MATERIAL SUPPLIED:

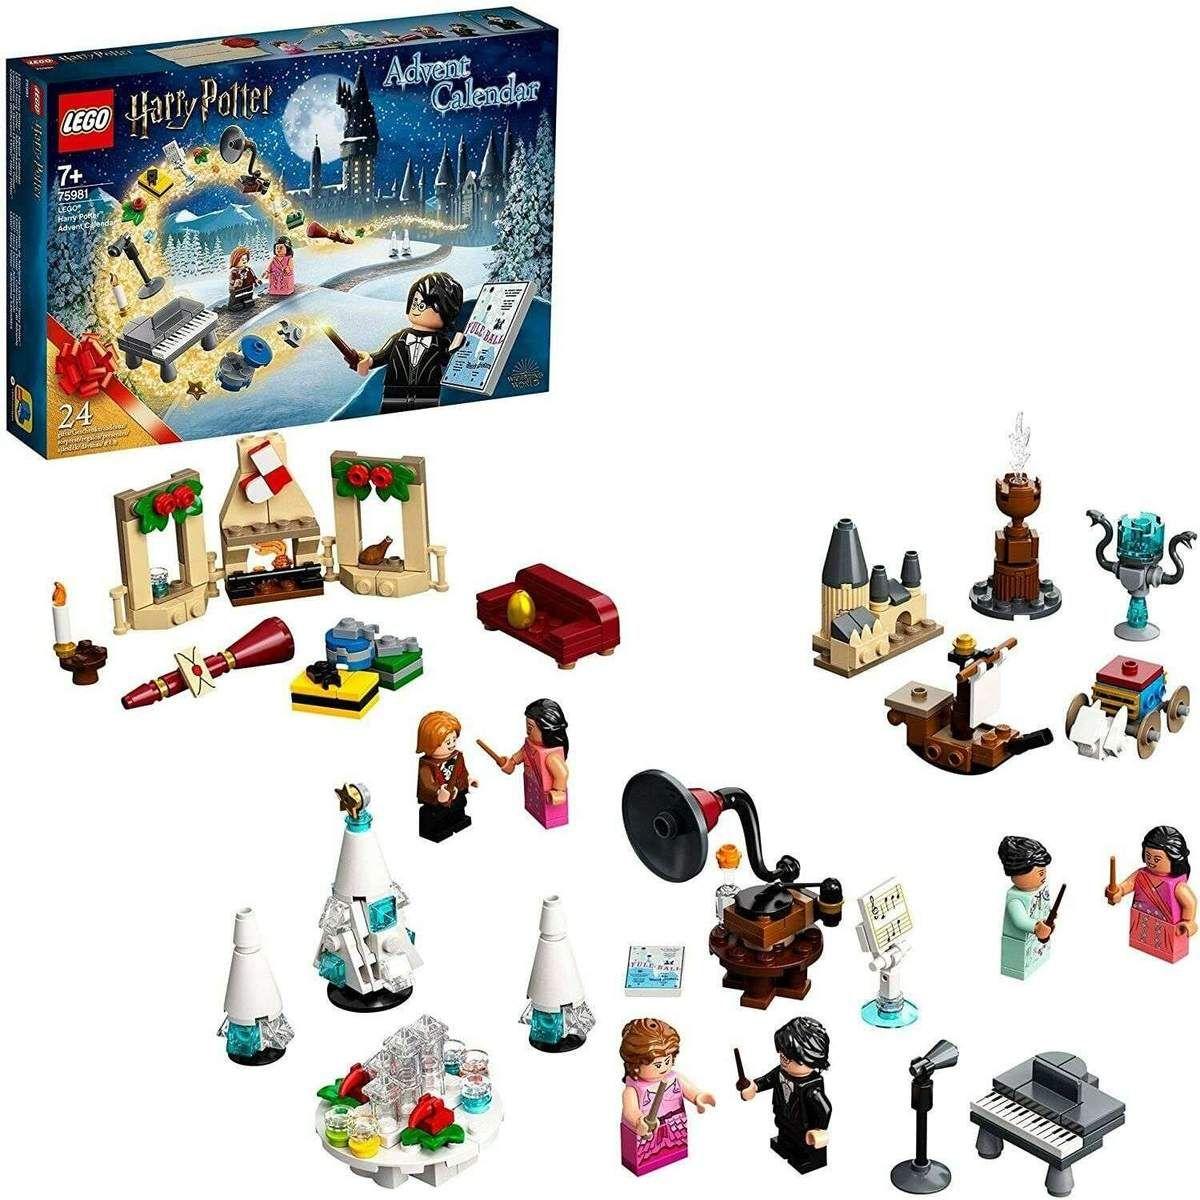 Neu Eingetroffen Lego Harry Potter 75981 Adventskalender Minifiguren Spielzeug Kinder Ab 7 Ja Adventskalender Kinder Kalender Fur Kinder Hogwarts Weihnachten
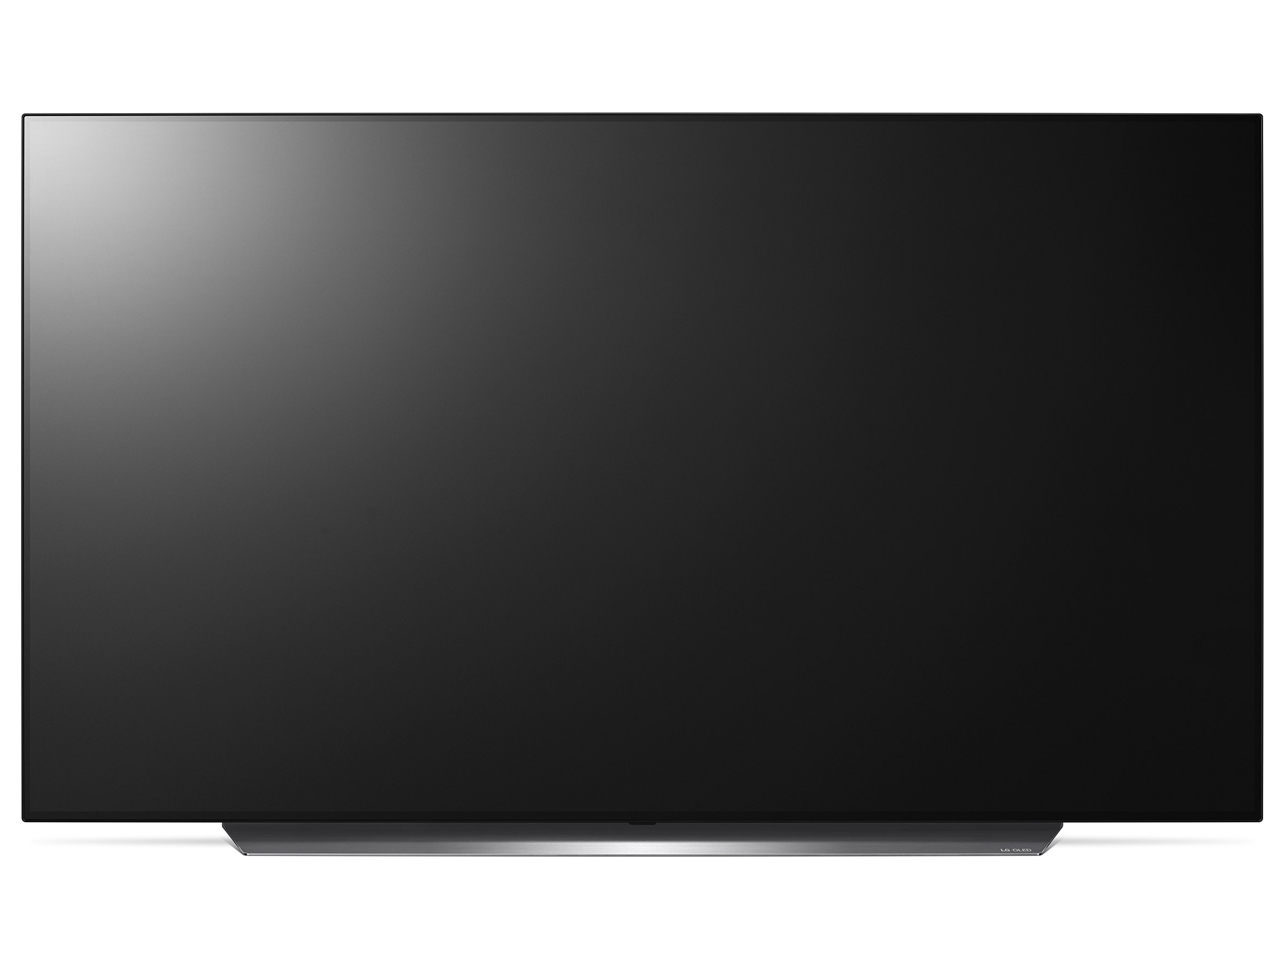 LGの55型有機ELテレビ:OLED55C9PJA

...

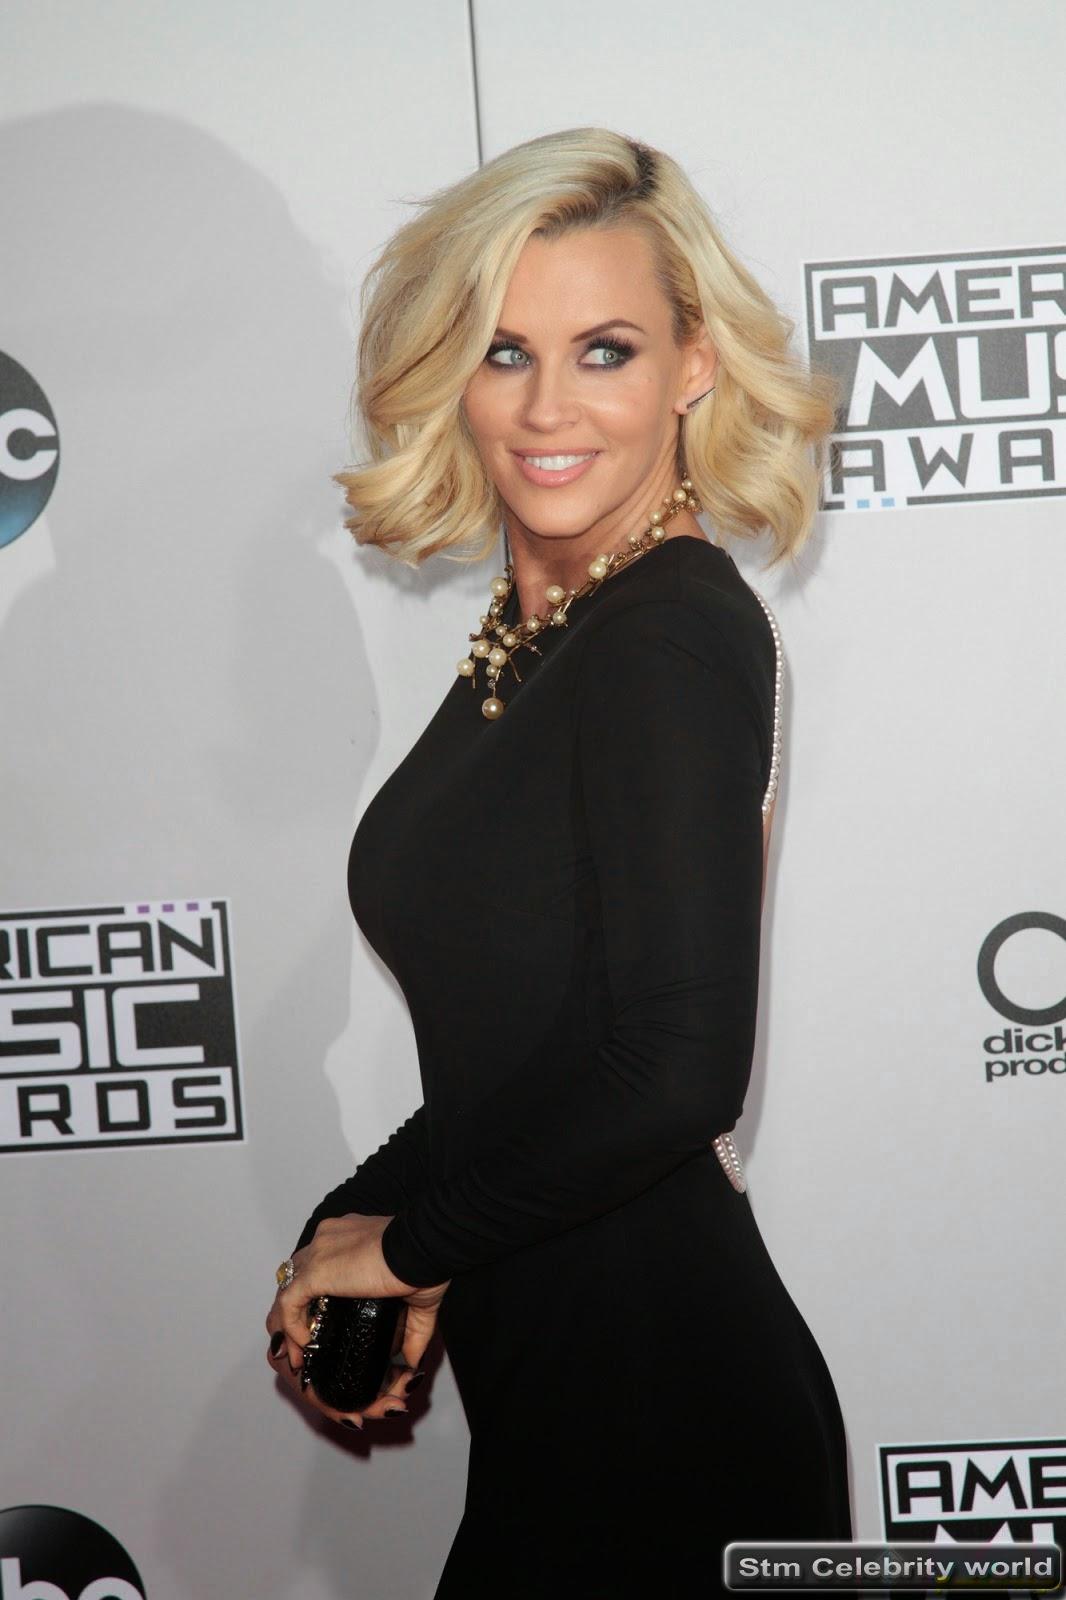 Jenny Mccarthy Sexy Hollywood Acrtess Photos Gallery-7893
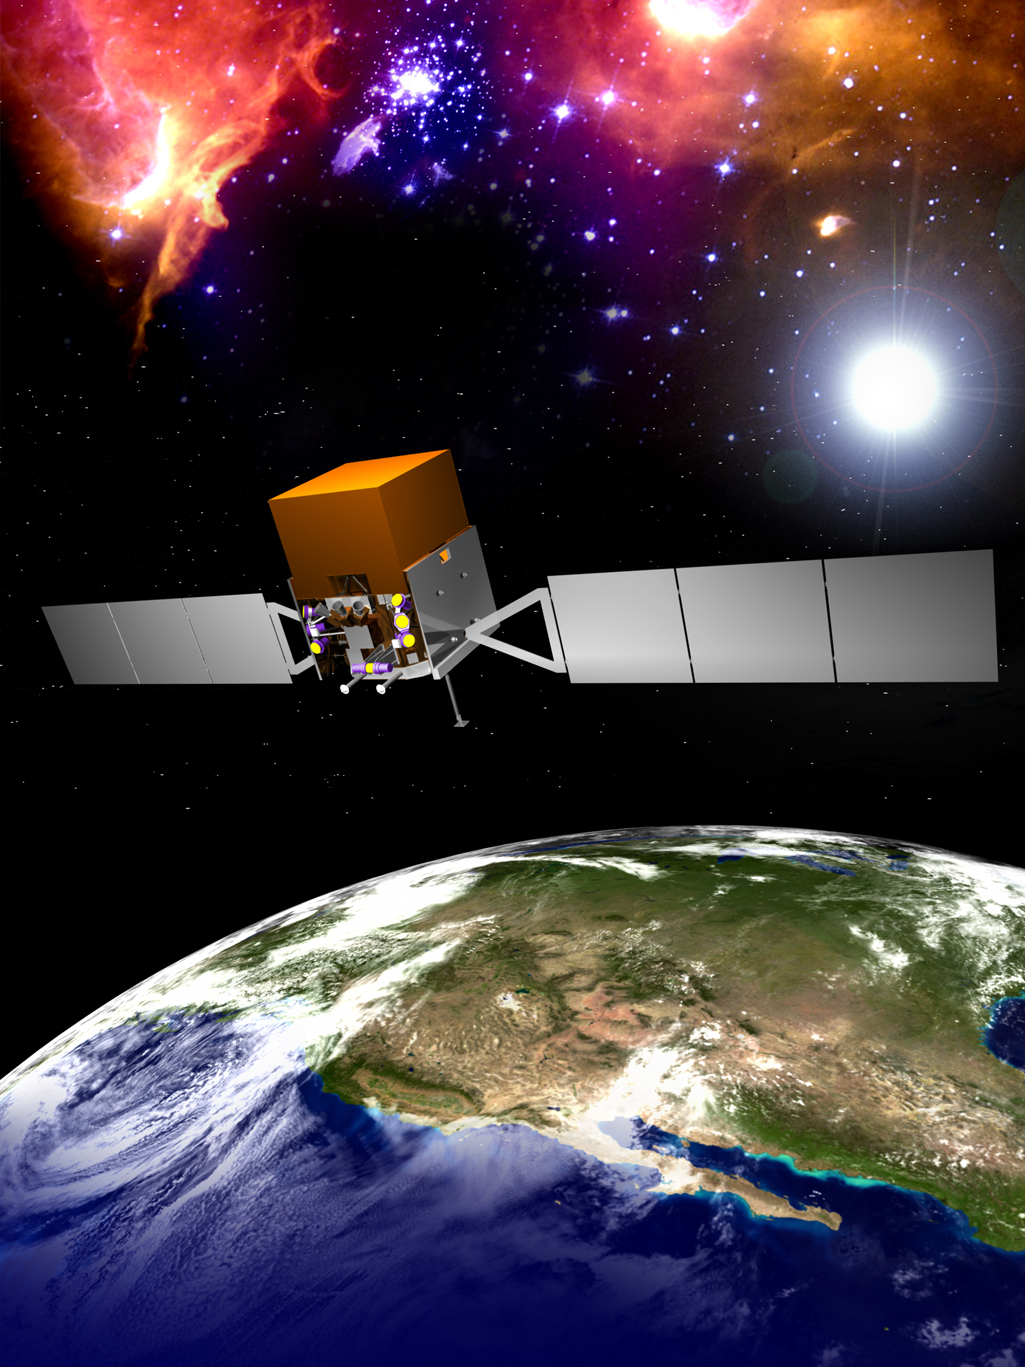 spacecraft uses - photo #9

---

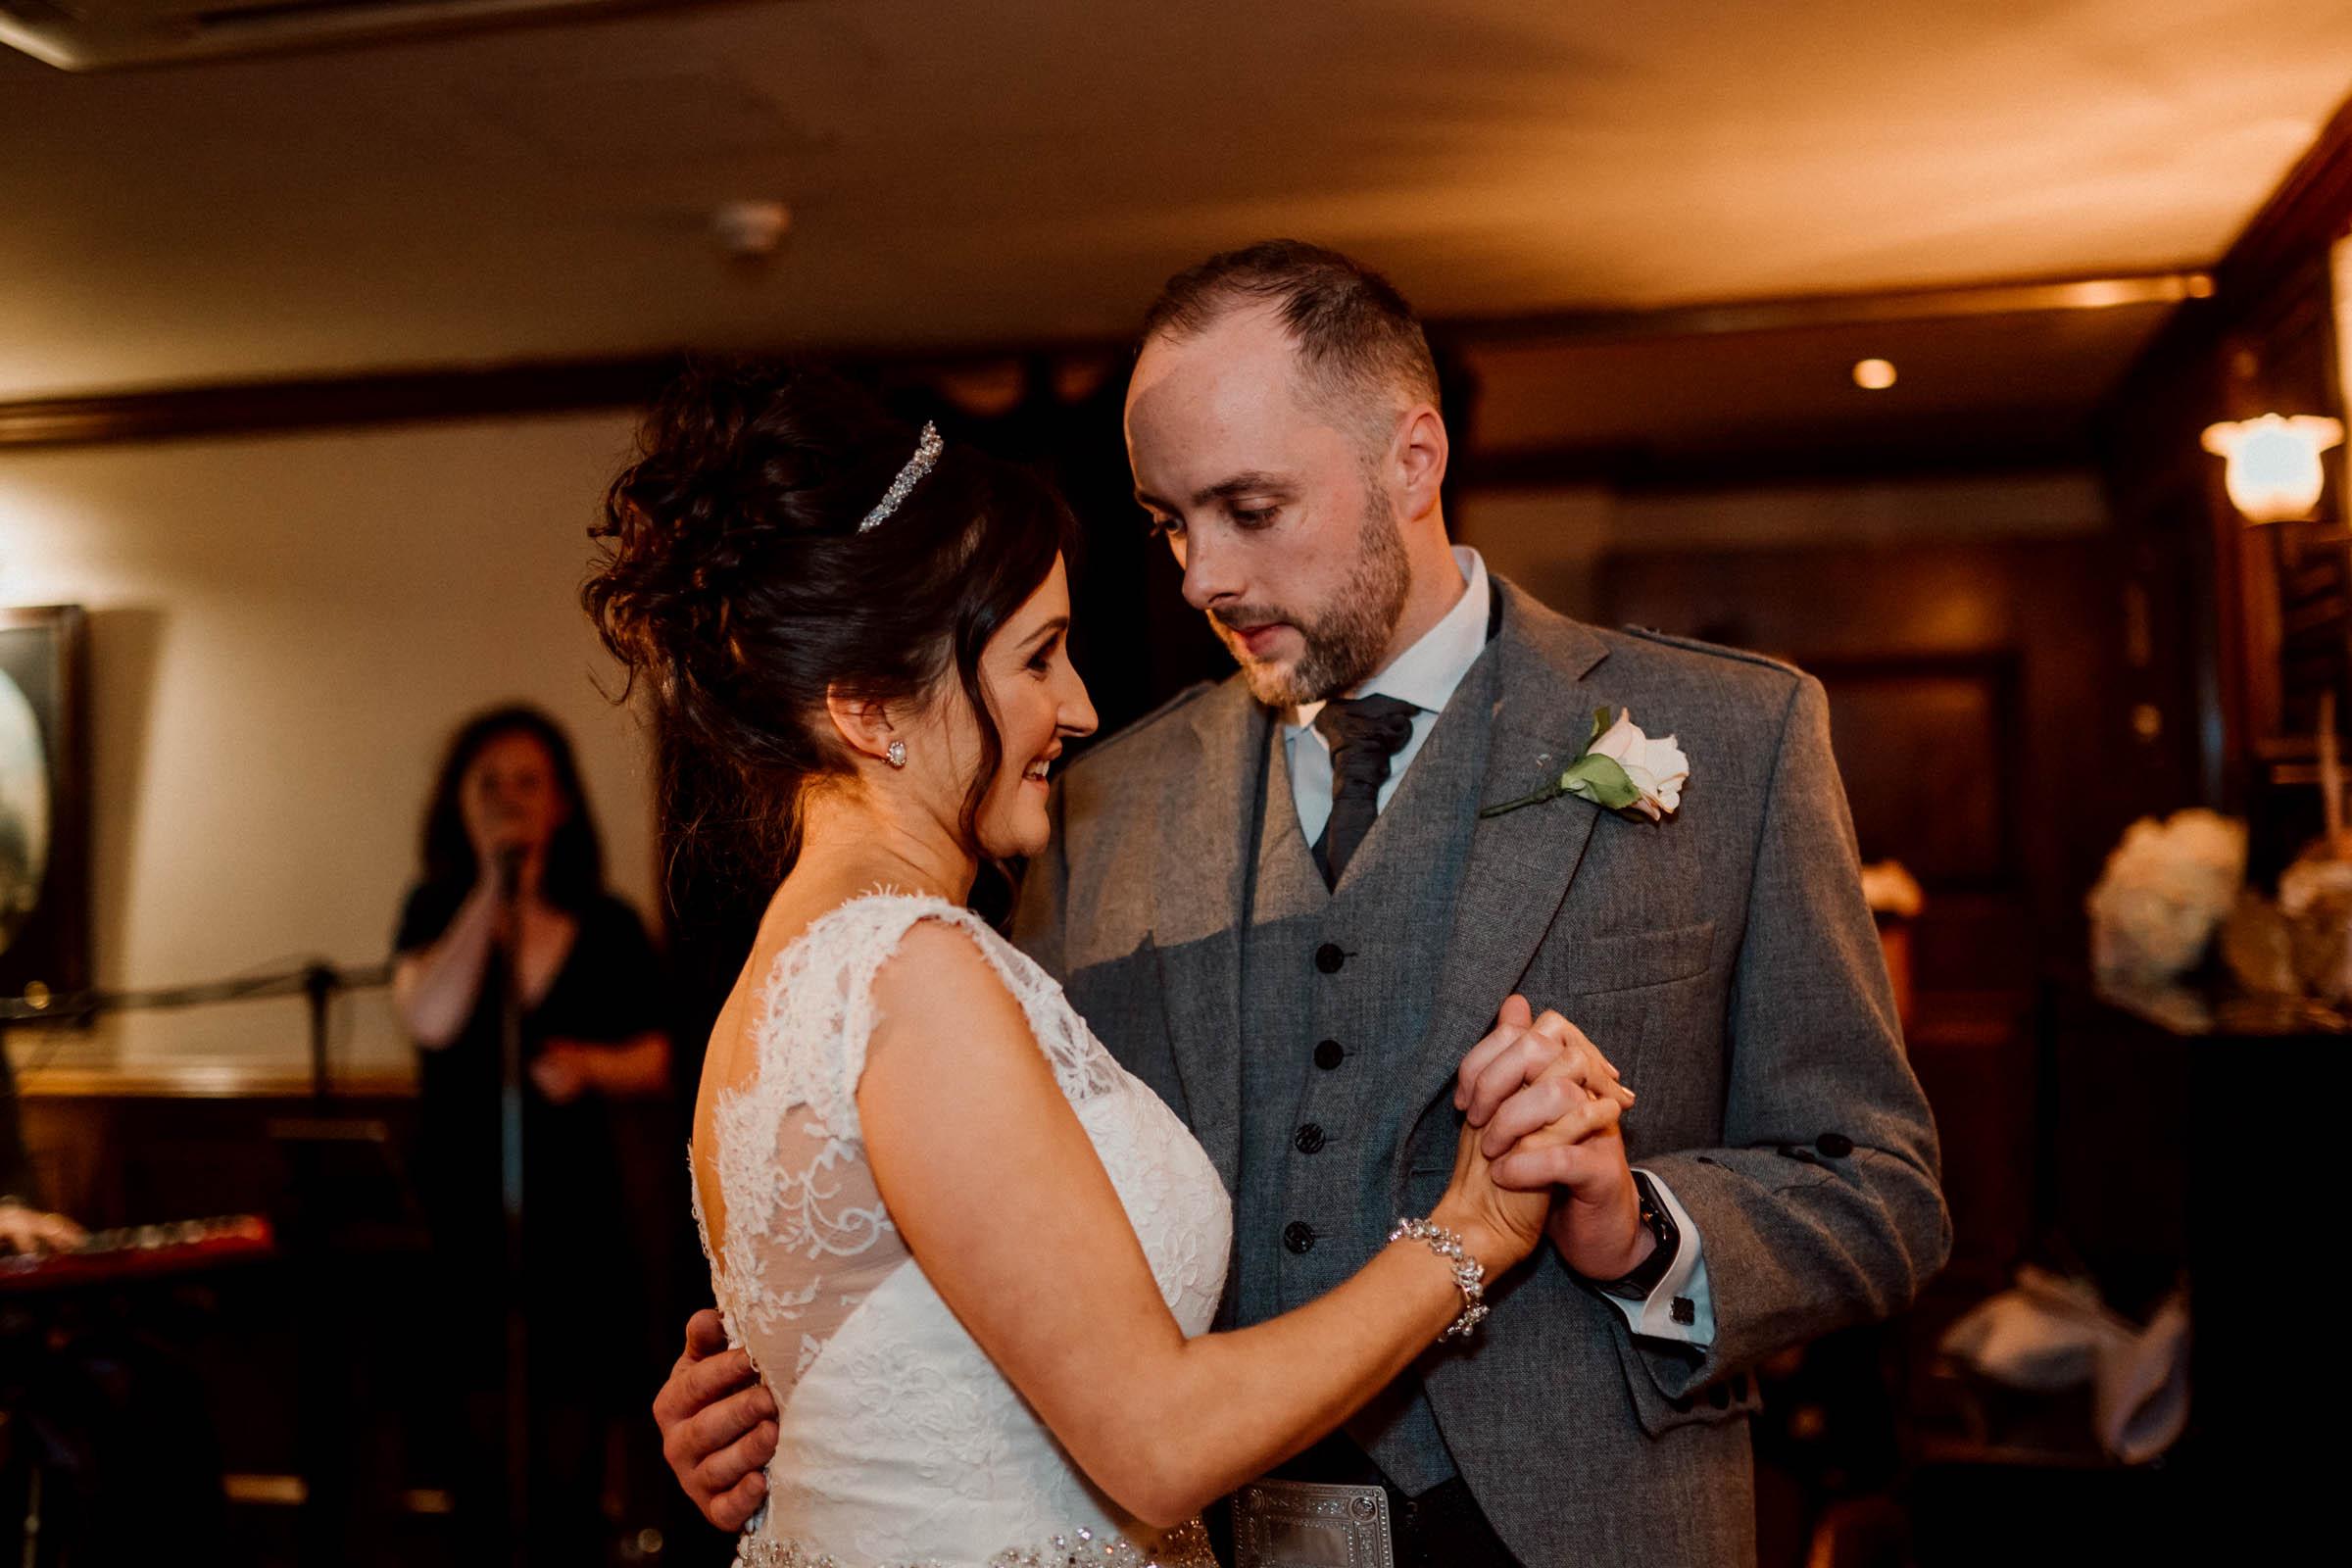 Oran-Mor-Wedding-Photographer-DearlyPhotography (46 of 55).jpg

WHAT THE TASK REQUIRES:
Going by the data above, the answer is exactly the lines from the one holding "Neu Eingetroffen Lego" to the one holding "LGの55型有機ELテレビ:OLED55C9PJA", both kept, with the pictures left out.

ANSWER FOR THE TASK:
 Neu Eingetroffen Lego Harry Potter 75981 Adventskalender Minifiguren Spielzeug Kinder Ab 7 Ja Adventskalender Kinder Kalender Fur Kinder Hogwarts Weihnachten
 LGの55型有機ELテレビ:OLED55C9PJA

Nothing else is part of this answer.